Hablo de las matemáticas, pero mencioné también la música. En esos años finales de los 60 y principios de los 70 eran muchos los marihuaneros que sólo fumaban marihuana para escuchar música. De todo: los entonces todavía jóvenes Rolling Stones, el ya viejo Johann Sebastian Bach, la inmemorial quema boliviana del altiplano, las novedosas mezcolanzas electrónicas de instrumentos occidentales made in Japon. Yo la fumaba además para ‘componer’ música, con el mérito añadido de no tener oído musical: todo lo daba la hierba por sí sola. Una noche compuse en la cabeza —letra y música— una canción de los Beatles, en inglés. Y otra tarde una sonata —sólo música, pero en alemán— de Mozart. Por no saber notación musical, ni inglés, ni alemán, todo eso quedó inédito. Y además —sí, lo reconozco: la marihuana es traicionera— lo he olvidado.

Sólo yerba

Con la marihuana se ganan cosas, y otras se pierden para siempre.
El sexo. La traba de la hierba, que refleja las tensiones y afina los sentidos, que expande el tiempo y a veces inclusive llega a inmovilizarlo, eternizando el instante, es una excelente herramienta sexual. Estoy hablando de aquellos años felices, privilegiados en la historia de la humanidad, en que el sexo no sólo era libre, por la relajación de las costumbres y el abandono de los valores familiares que tanto preocupaban a los Papas de Roma y a los presidentes de Estados Unidos, sino que además no era peligroso. Los antibióticos habían convertido la antes temible sífilis en un juego de niños, y aún no existía el sida. Todo eso duró poco, y se acabó cuando Papas y presidentes consiguieron por fin inventar y propagar el sida para meter en cintura la corrupción moral de la juventud de Occidente. Luego vendría, también de la mano de esos sombríos personajes, la ‘guerra frontal contra las drogas’: el cierre definitivo de las puertas abiertas.

Pero había más. Yo, por ejemplo, consumí buena parte de esos años de traba jugando al ajedrez. Bajo los efectos de la marihuana, una partida podía durar días enteros, como las de Spasski y Fisher. Tal vez no salía tan buena como esas —pues para jugar al ajedrez no basta con drogarse: es necesario además saber jugar al ajedrez—. Pero lo parecía. El ajedrez no es como el billar, digamos: en el billar, cuando uno juega trabado, puede imaginar deslumbrantes carambolas a tres bandas que desafían las leyes de la geometría: pero las intenta, y no salen.
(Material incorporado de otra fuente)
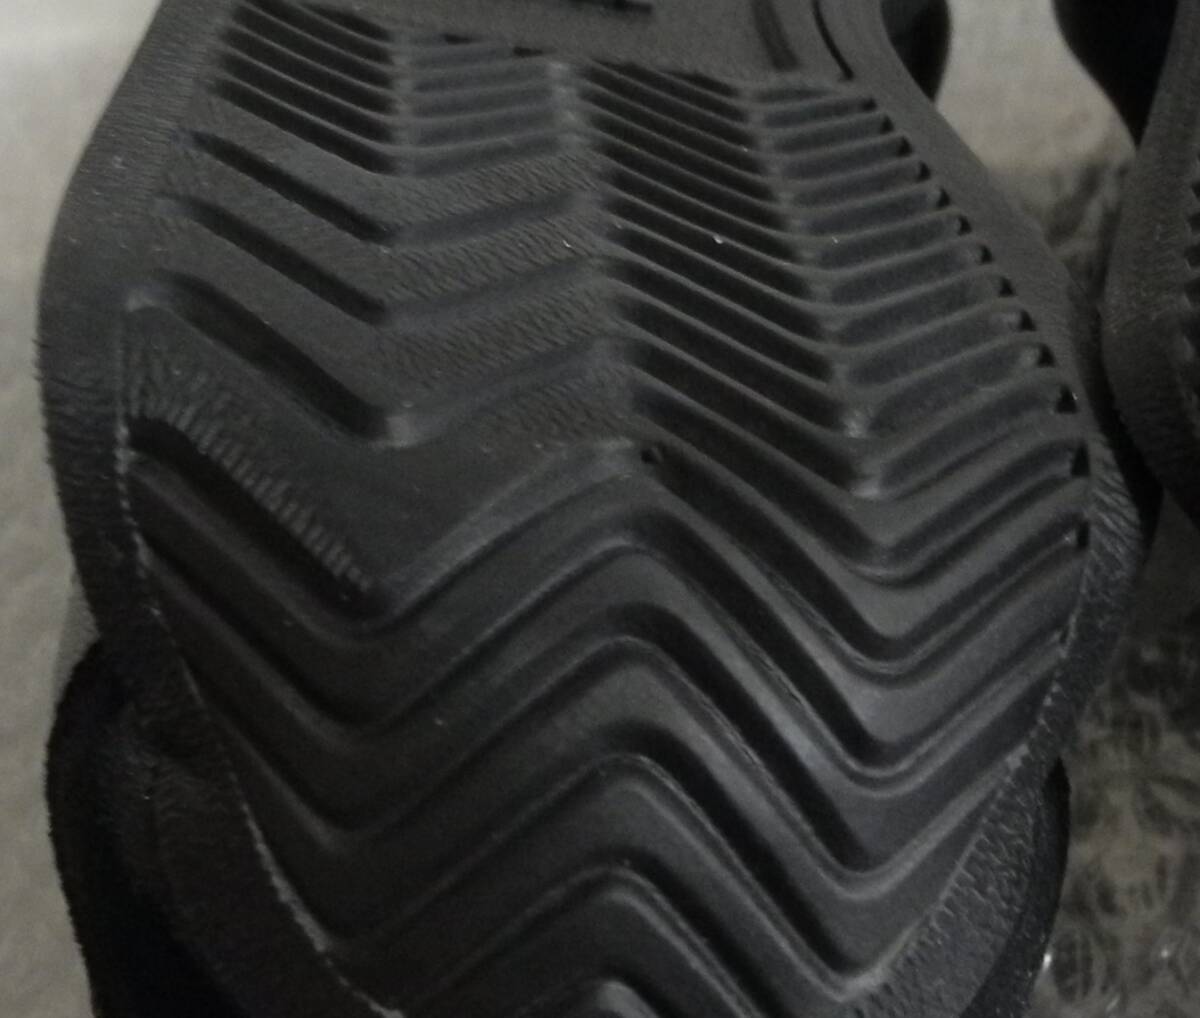 カントリー 2020年製 JP26.0cm GX2507 天然皮革 生産終了 adidas country og 黒 トリプルブラック オールブラック 本革の画像10

En cambio en el ajedrez se demora uno horas, o días, o incluso meses, en darse cuenta de que eso que parecía una defensa siciliana no era una defensa siciliana. Pero, insisto, lo parecía. La hierba crea ilusiones: puertas que tal vez no lo sean en realidad, pero que lo parecen. Visto desde la sobriedad, un enmarihuanado puede parecer un perfecto imbécil, riéndose dulce y locamente de cosas que no existen. Pero, ¿que importa que no existan, si se ríe? Vuelvo a Henri Michaux:, que en sus años tardíos abandonó la experimentación con mezcalina como inspiración de cuadros y poemas, y calificó los efectos alucinatorios de la droga de “miserable miracle”. Miserable, tal vez; pero también milagro.

Un milagro en el filo de la muerte. De nuevo hablo de ilusión: de una muerte ilusoria, pues la marihuana es completamente inofensiva (a diferencia de, pongamos por caso, la aspirina: en Estados Unidos mueren más de 500 personas al año por hemorragias inducidas por un excesivo consumo de aspirina). La muerte ilusoria de la llamada pálida. La primera vez que a mí me dio la pálida creí que me estaba muriendo, o que quizás ya estaba muerto. No podía mover ni un párpado. Me sorprendía ver que los que estaban conmigo en ese trance no me prestaban la menor atención: seguían riéndose de sus cosas de idiotas. Pero en mi sorpresa no había ni rencor ni reproche: que se rían de sus cosas mientras yo aquí me muero: ya morirán ellos también.
Luego no me morí, o al menos no me he muerto todavía. Pero conocí la muerte, como había conocido la defensa siciliana en el ajedrez, sin conocerla en realidad. El miserable milagro de la hierba transmuta la realidad en ilusión, como quien convierte el agua en vino. Y ese fue, conviene recordarlo, el primer milagro que hizo Jesucristo, a instancias de su madre, con ocasión de las bodas de Caná. Después vendrían otros, más prácticos, más utilitarios: sanar a los paralíticos, devolverles la vista a los ciegos, exorcizar a los endemoniados. Pero ese primer milagro consistió en conceder la ebriedad: en abrir puertas.

Abriendo puertas

The doors of perception. Una banda de músicos de aquel entonces se llamaba así, The Doors, explícitamente por eso: porque usaba drogas. Su cantante, Jim Morrison, murió luego de una sobredosis de algo.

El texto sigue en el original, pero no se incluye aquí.